Libby: Yeah. It’s a pattern that nobody would want.
Liam: It’d be very interesting to overlay like an artistic influence on city planning and see what that does in terms of-
Libby: That would be interesting.
Liam: The utility of-
Libby: Somebody should spearhead that.
Libby: Maybe you. (laughs)
Liam: Just to wrap up, I’m interested to know how your creative process has changed over time either spanning your whole career or since you focused on illustration. And also where you see it going in the future, how you see illustration as a practice evolving and what that means for you and your work?
Libby: So I’ve always been interested in design and I’ve always been interested in humor.

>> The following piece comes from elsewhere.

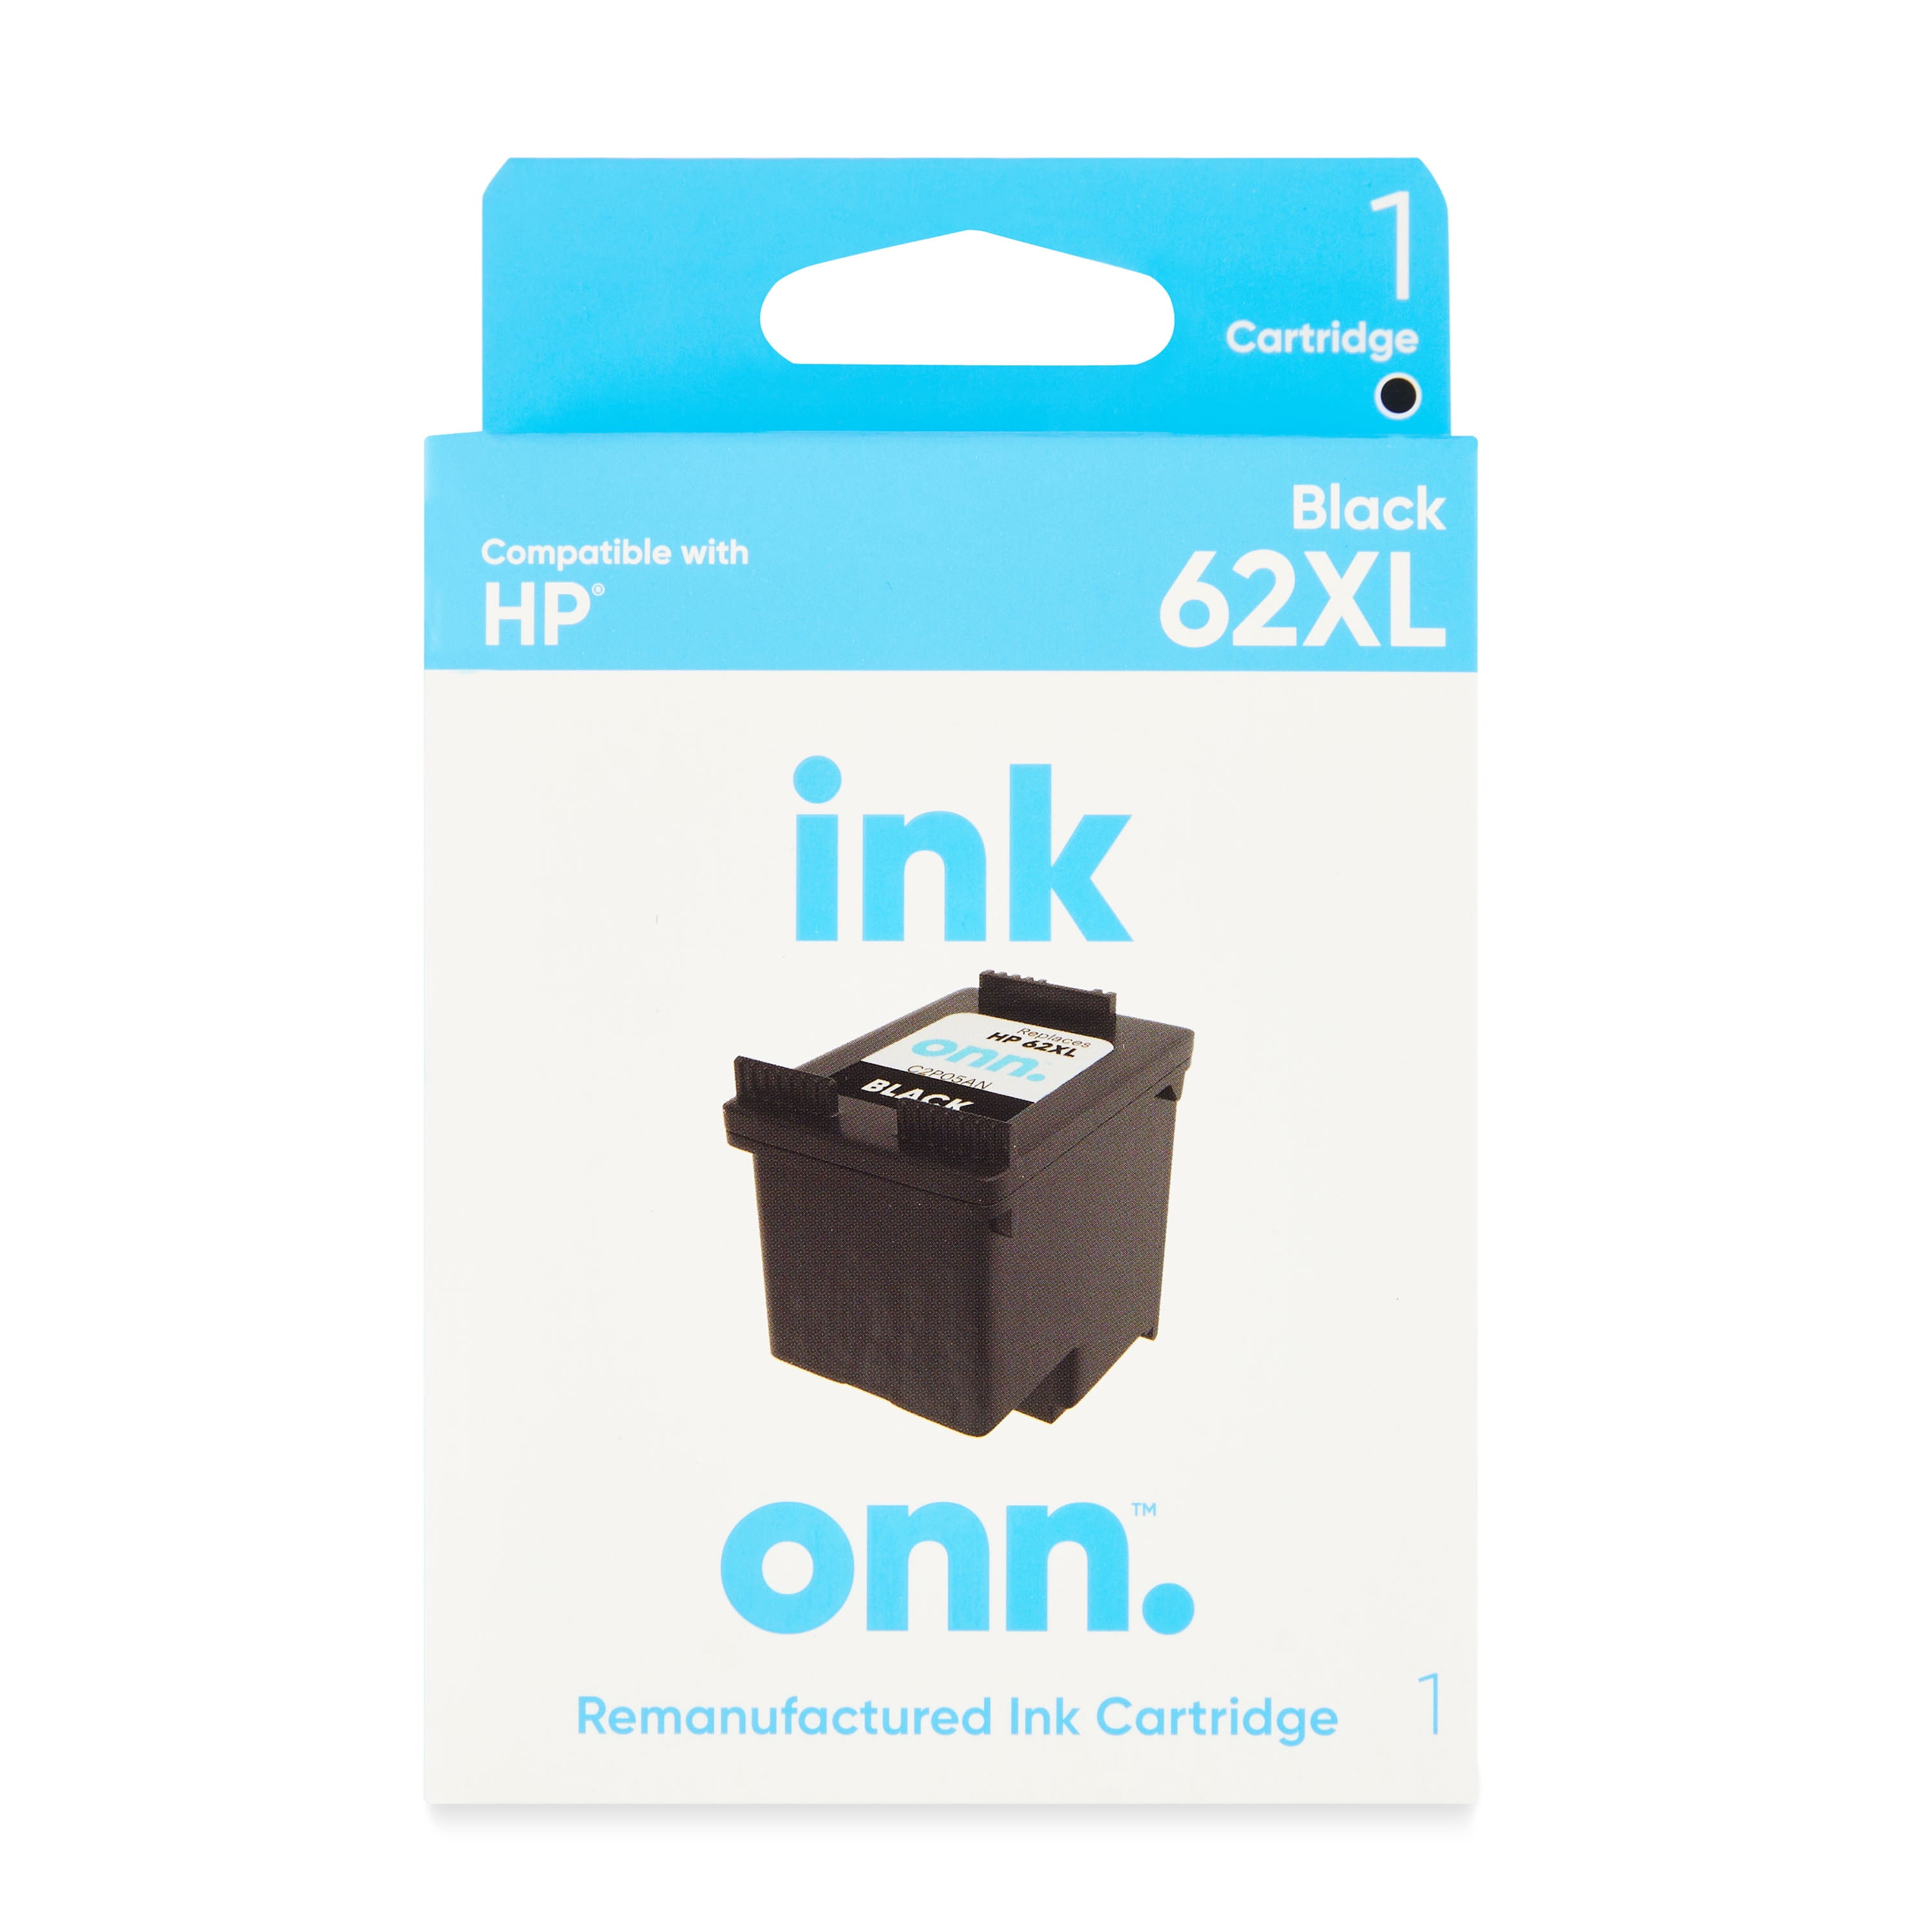 onn. Remanufactured Ink Cartridge, HP 62XL Black, 1 Cartridge

And I think that when the two work together you can get people to hear and get people to listen. I’ve always wanted to make my art, make people think about something, I guess that’s a very statement. But I did for a very brief while go to grad school, I did not finish grad school. I went for sculpture and it just turned out it wasn’t for me. But the conversations that I was having made me stop and think a lot that maybe it wasn’t exactly art that I wanted to do and maybe I wasn’t in the right place. I just kept going back in conversations with students and teachers about social issues and how to do work that engaged the community and got everybody involved.
And I think after a little while I just thought, “I guess I really want to make work that’s accessible to everybody.” And I don’t know if- if I go in- in an art direction. I want to be careful how I do that. I want to be careful to make it reach more people so that they feel that they have something that they can aspire to, that they can understand and that motivates them. I want my creative work to continue to reach a broad audience from all types of sociocultural demographics and communities.

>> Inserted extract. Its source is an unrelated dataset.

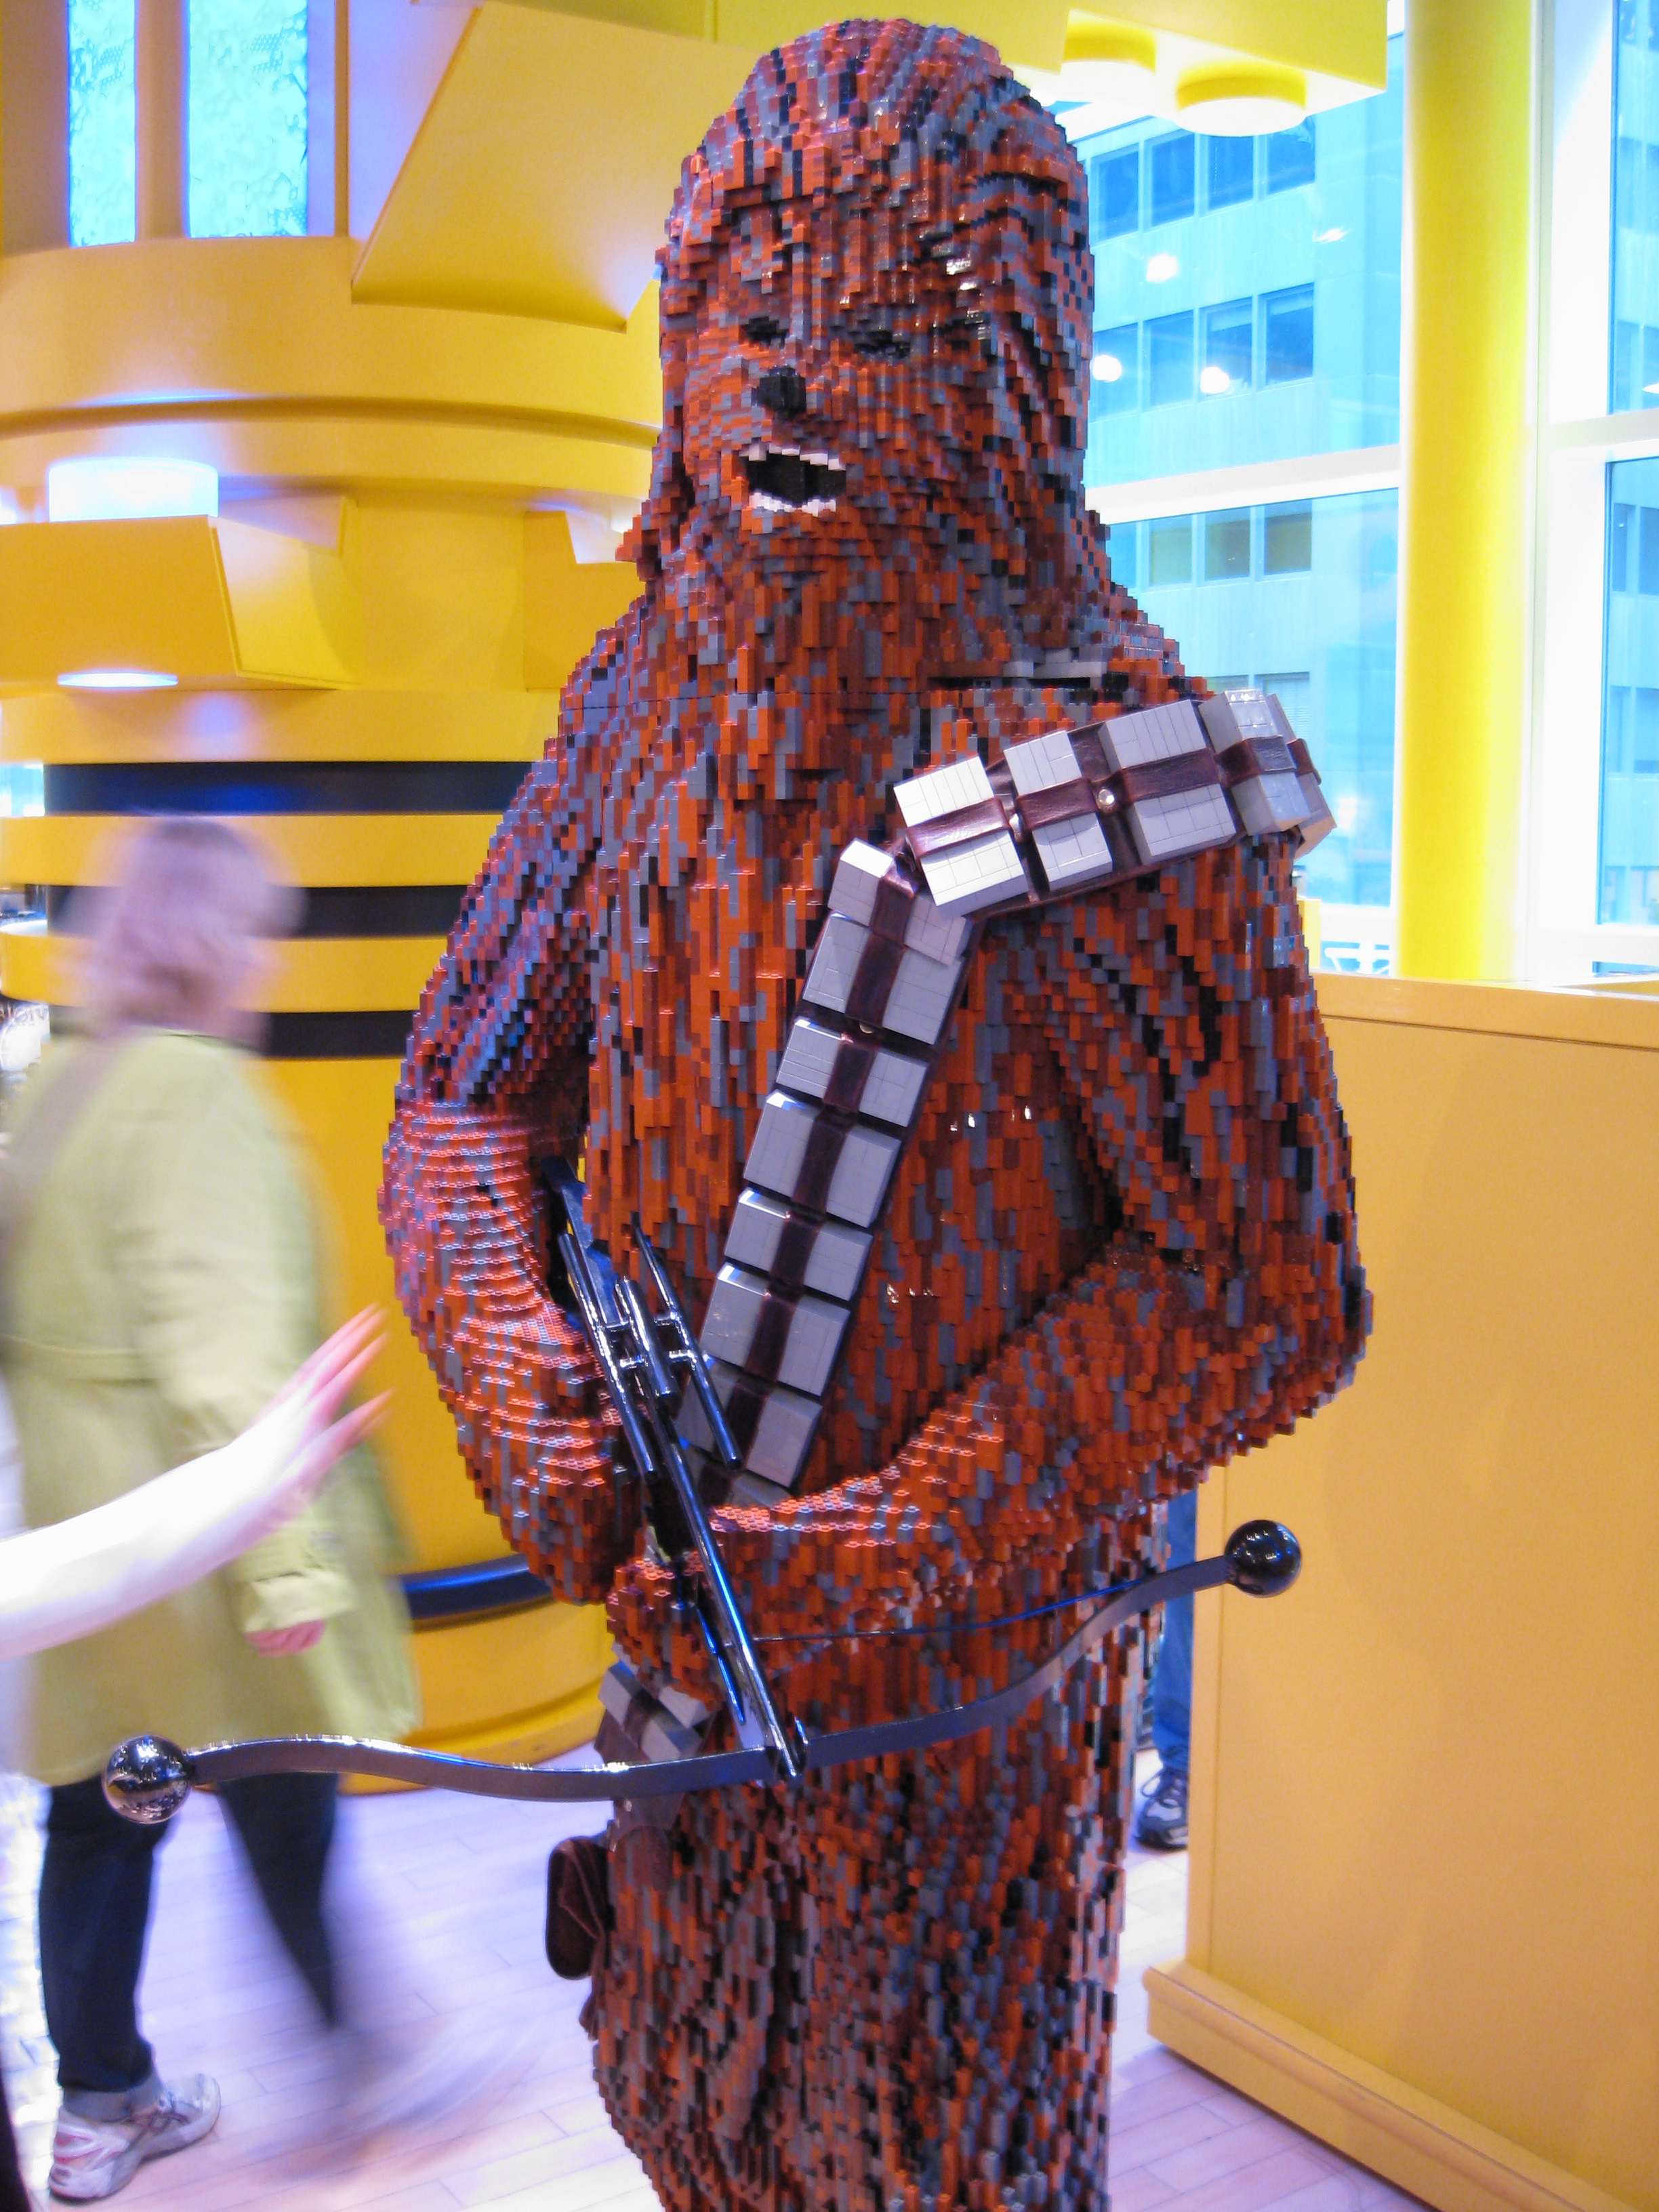 LEGO-Chewbacca!!

Liam: I think that’s a really good point and I think, you know, thinking about your work I think that’s been accomplished. You know, if you have a gif of women lifting each other up that’s animated, that’s very accessible, it doesn’t depend on literacy. It really just depends on an internet connection essentially.
Libby: One thing that I hope is that there are ways that technology can get in the hands of more people, that people won’t be censored from seeing certain things that people will be able to have choices.
Liam: Tying it back to one of our very first questions. It goes back to how the medium that you work in impacts the work that you do and the fact that you want to aim for feeling and social engagement and things that are able to be shared, doing work digitally is really conducive to that.
Libby: Yeah it definitely is. I really love doing these short animations because I think its made more young people access my work. You know? Not that I’m old but I’m not super young either. I’m right in the middle. And, um, and it’s nice to connect with people of different ages.
Liam: Right. Well thanks for coming on.
Libby: Yeah. Thanks for having me. It was great talking to you.